Pausing for tea, where I noticed with quiet glee that it was MY sandwiches and cakes that seemed to go well before the WWs meagre offerings, I managed to get a sneak peek of the competition sheet for the rest of the afternoon. Matinee jackets or cable stitch jumpers. I knew that we would get the choice. As I mentioned before, the WWs hold the record for the fastest matinee jacket, but cable stitch was more complex.
Of course it was the jackets. "Stick to what your good at" Mrs P retorted when the decision was made. Each knitter drew a twist of paper with the words "Jacket" or "Jumper" inscribed thereon from a tin. The majority article would be what they knitted. One jacket body and one sleeve by 5 o'clock. The starting time was 3pm and soon silence reigned as twenty concentrating brows studied the work at hand. Quietly I packed up my tins and boxes. My Battenburg cake had been a tour de force. It is fiddly to make, but that's only because you have to make four sponges (or two depending on how many colours you use) and then construct them using apricot jam as glue before wrapping them in their marzipan jacket. As I walked past the open bag of one of the WW ladies I saw the ill concealed evidence of one of my apple turnovers too. Clearly someone knows a good thing when she sees one!

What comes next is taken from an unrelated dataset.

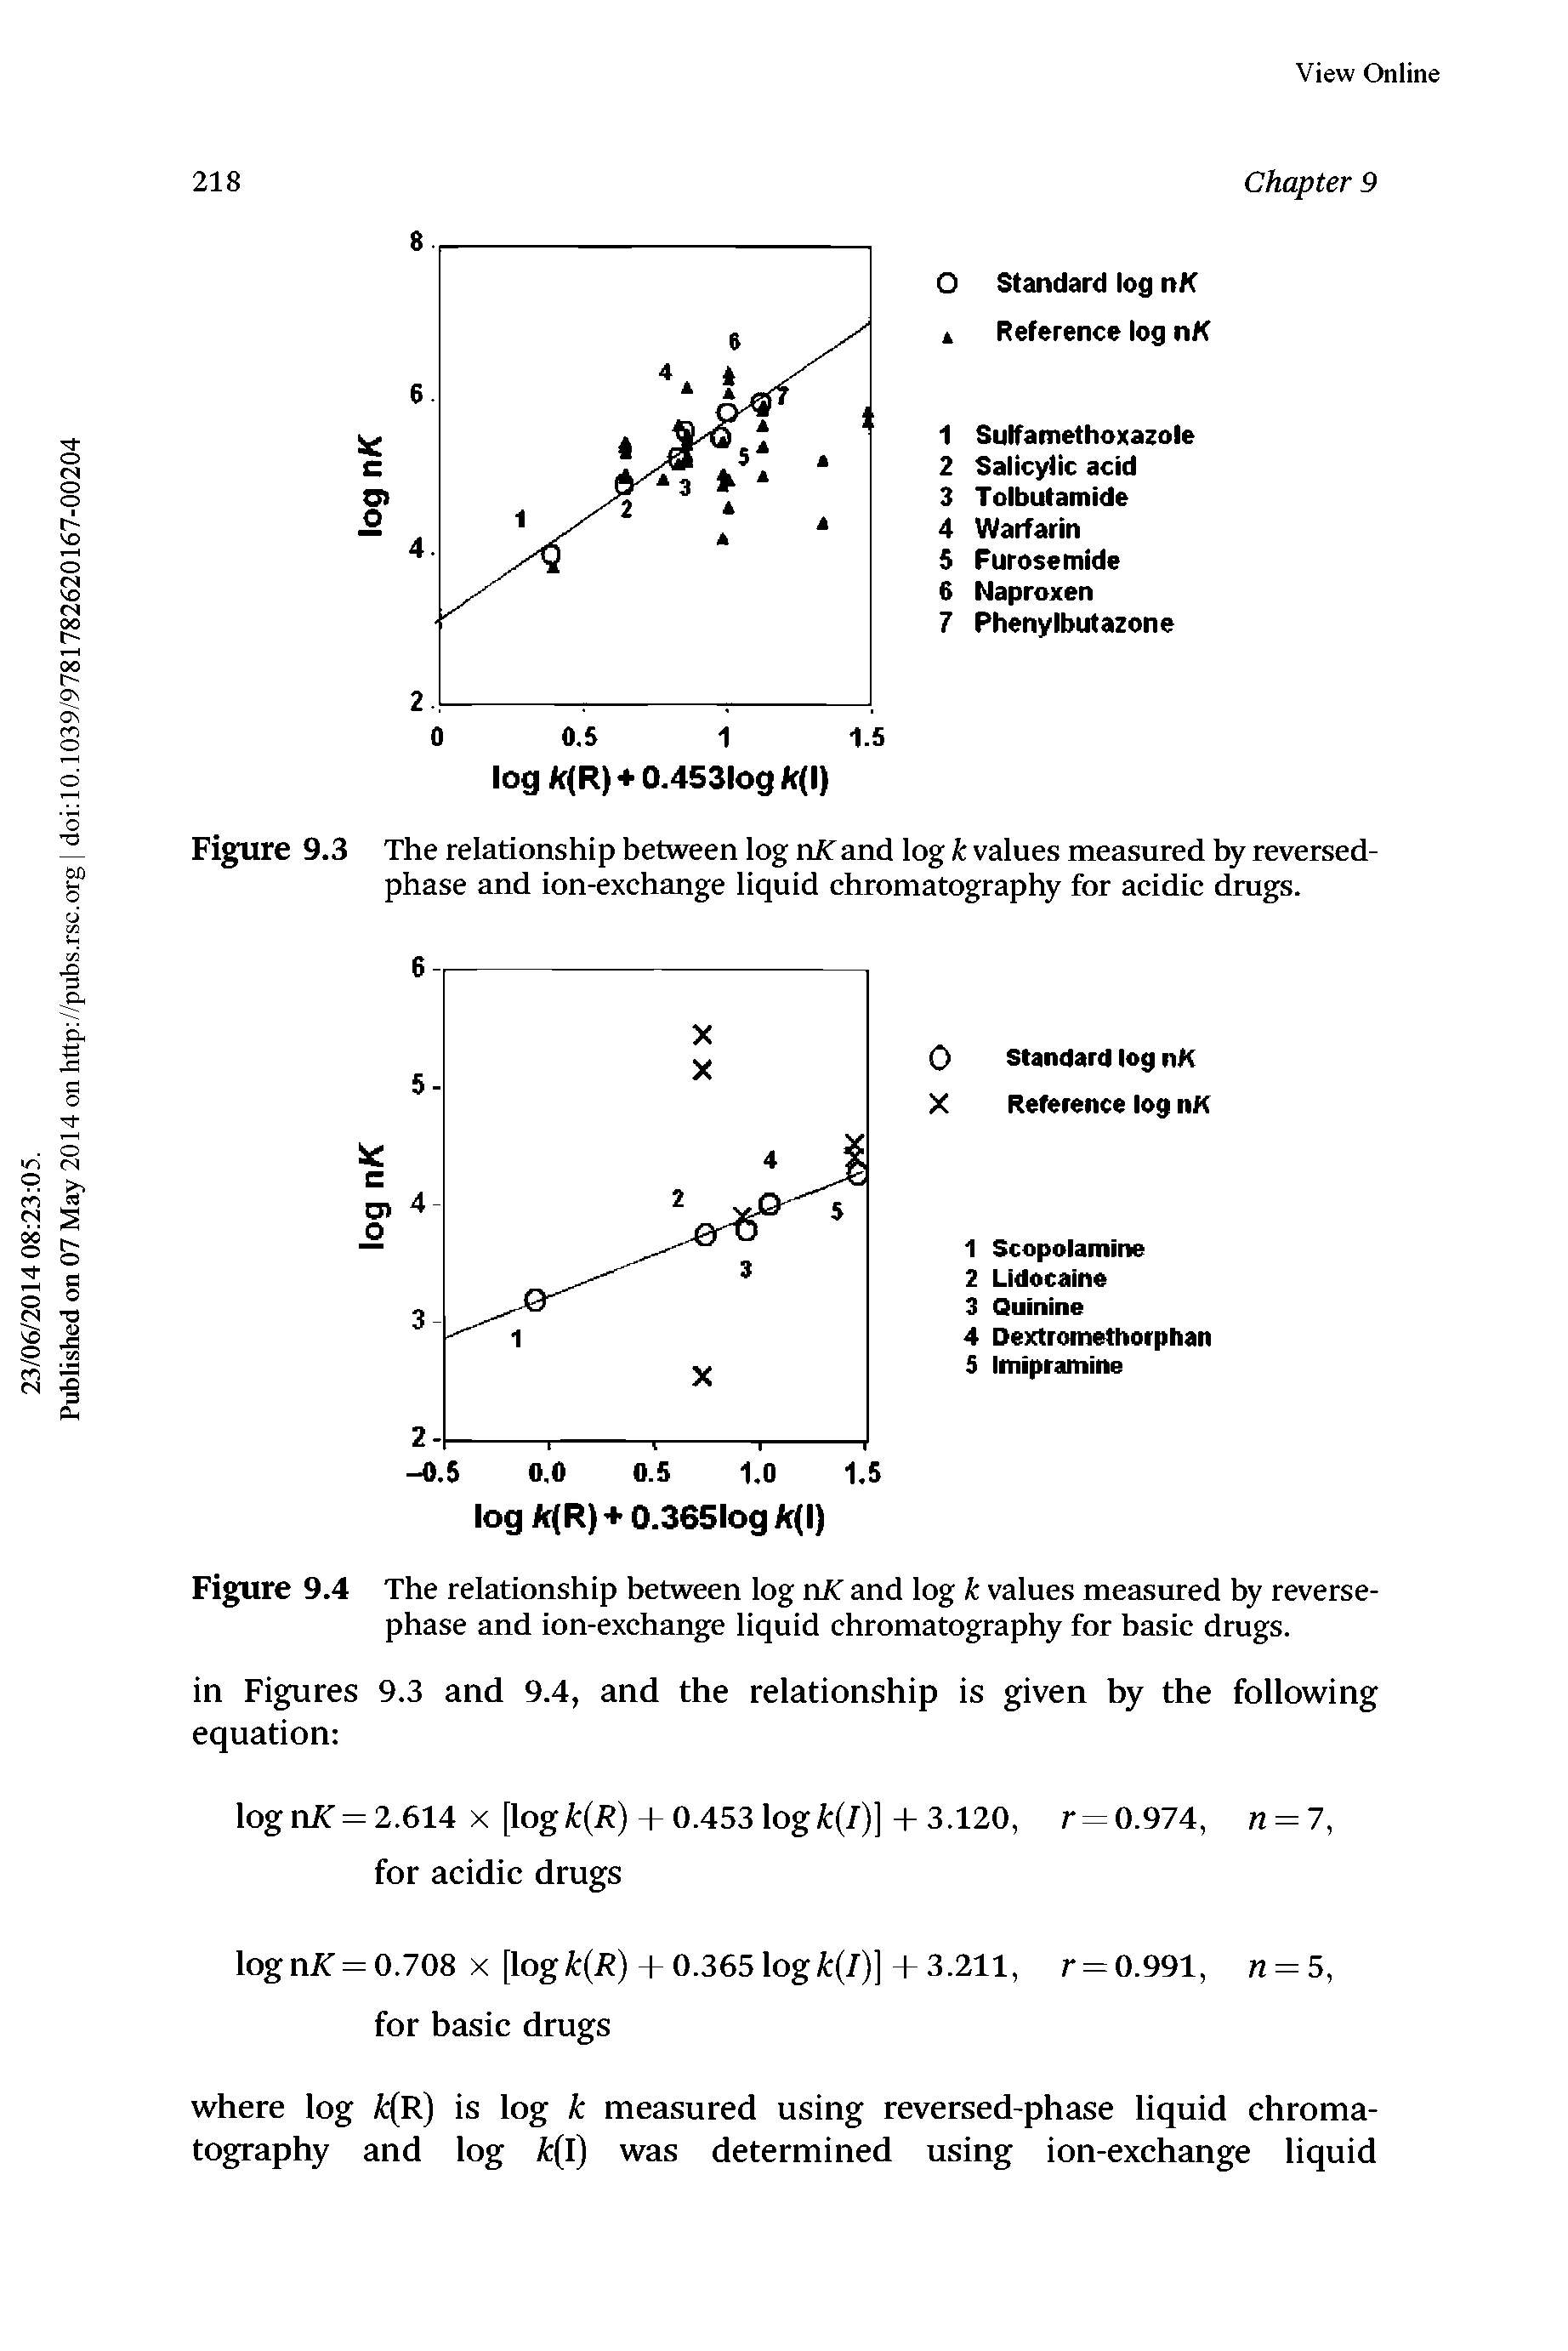 Figure 9.3 The relationship between log nK and log k values measured by reversed-phase and ion-exchange liquid chromatography for acidic drugs.

Unsurprisingly the matinee jacket competition was won by the hosts. "Well, that's all they do. No difficulty in doing what you always do is there?" said Mrs P. I won the tea though. On the way home, when I "discovered" the box of biscuits and cookies that I had accidentally left on the bus; our team all agreed that it had been a different day and that if matinee jackets were to be our hardest competition this year then we had little to worry about.
Reaching home Mildred was delighted to find one of Henrietta's eggs waiting for her in the bath, which together with the one that she'd laid the previous day in my winter boots gave us the perfect boiled egg tea. Parshul dropped in later and asked whether we both would like to go racing at Epsom. I'd never been to a horse race so of course I squealed with delight. Mildred gave a somewhat ungracious acceptance and Parshul strode off into the night air giving me a peck on the cheek as he left. Horse racing. At my time of life as well. What larks.